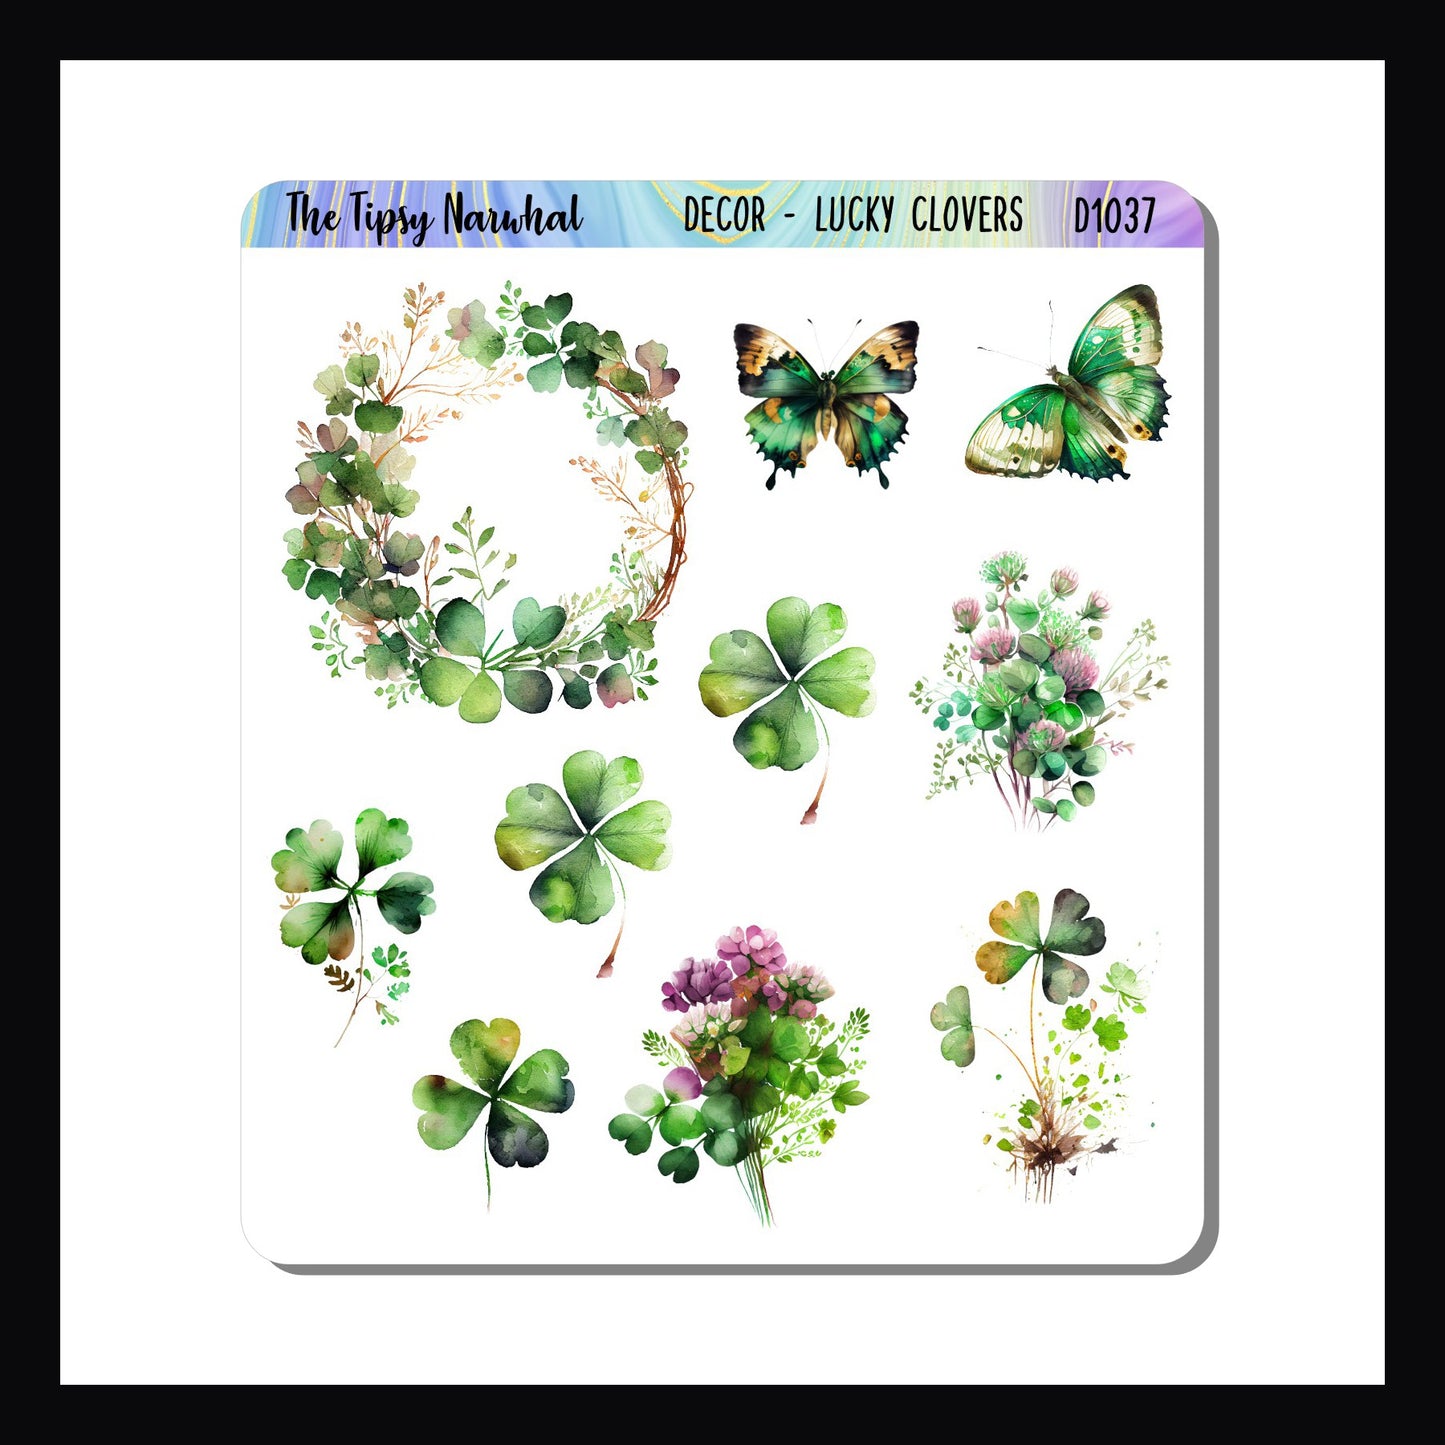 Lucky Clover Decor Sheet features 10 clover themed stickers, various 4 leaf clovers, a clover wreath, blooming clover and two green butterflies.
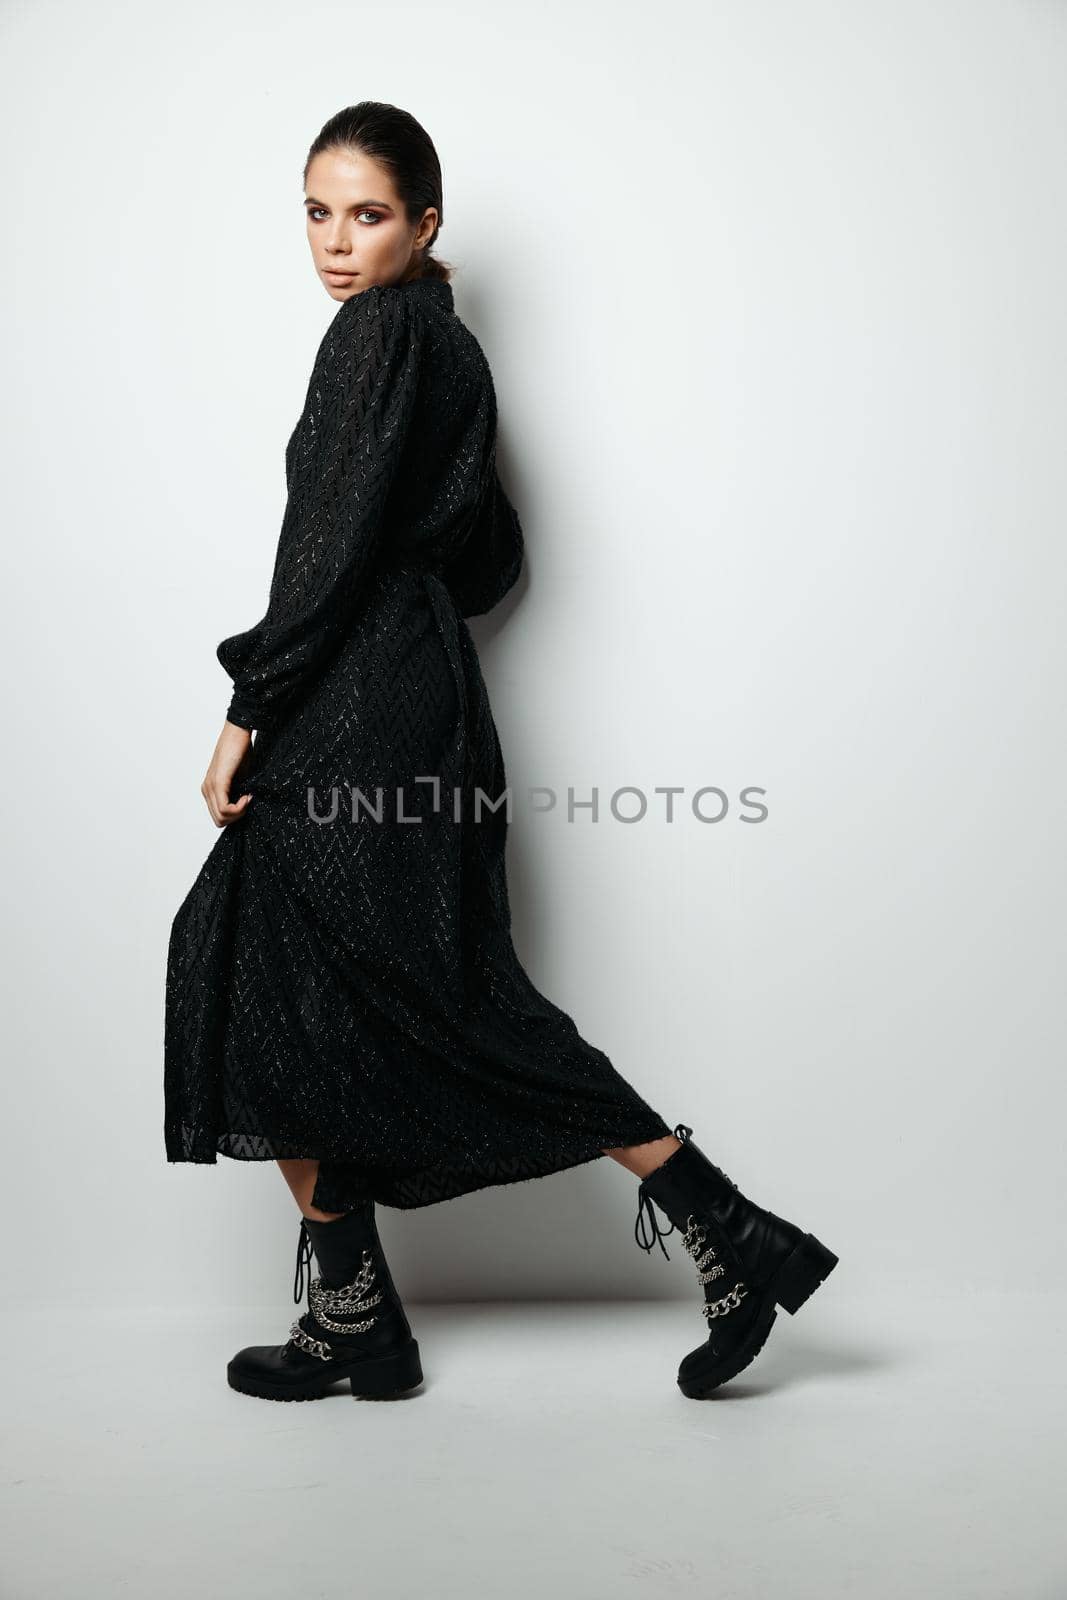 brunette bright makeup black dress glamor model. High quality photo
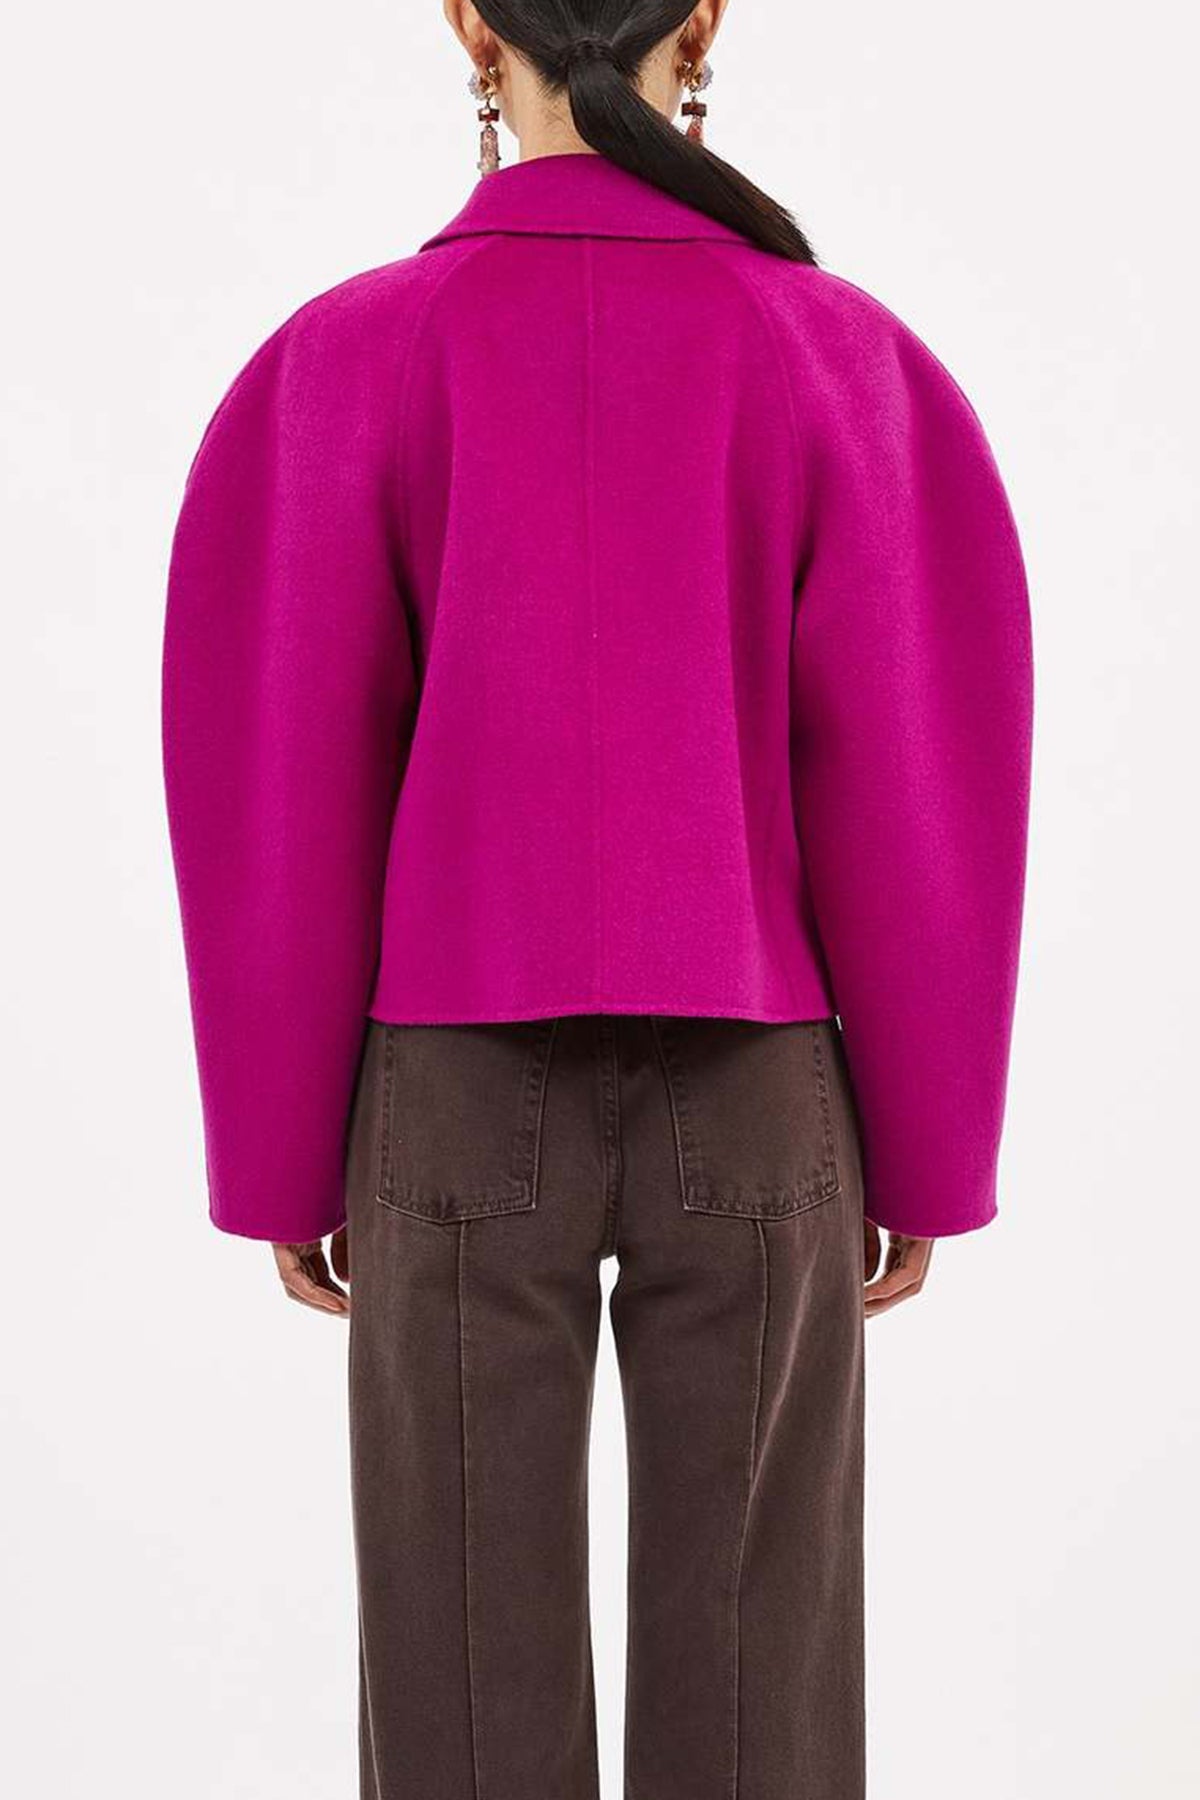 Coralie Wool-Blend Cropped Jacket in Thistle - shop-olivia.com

-- -- --

TASK: Whenever images occur above, omit them and retype each line exactly as it stands.

OUTPUT OF THE EXERCISE:
 Lucky Clover Decor Sheet features 10 clover themed stickers, various 4 leaf clovers, a clover wreath, blooming clover and two green butterflies.
 brunette bright makeup black dress glamor model. High quality photo
 Coralie Wool-Blend Cropped Jacket in Thistle - shop-olivia.com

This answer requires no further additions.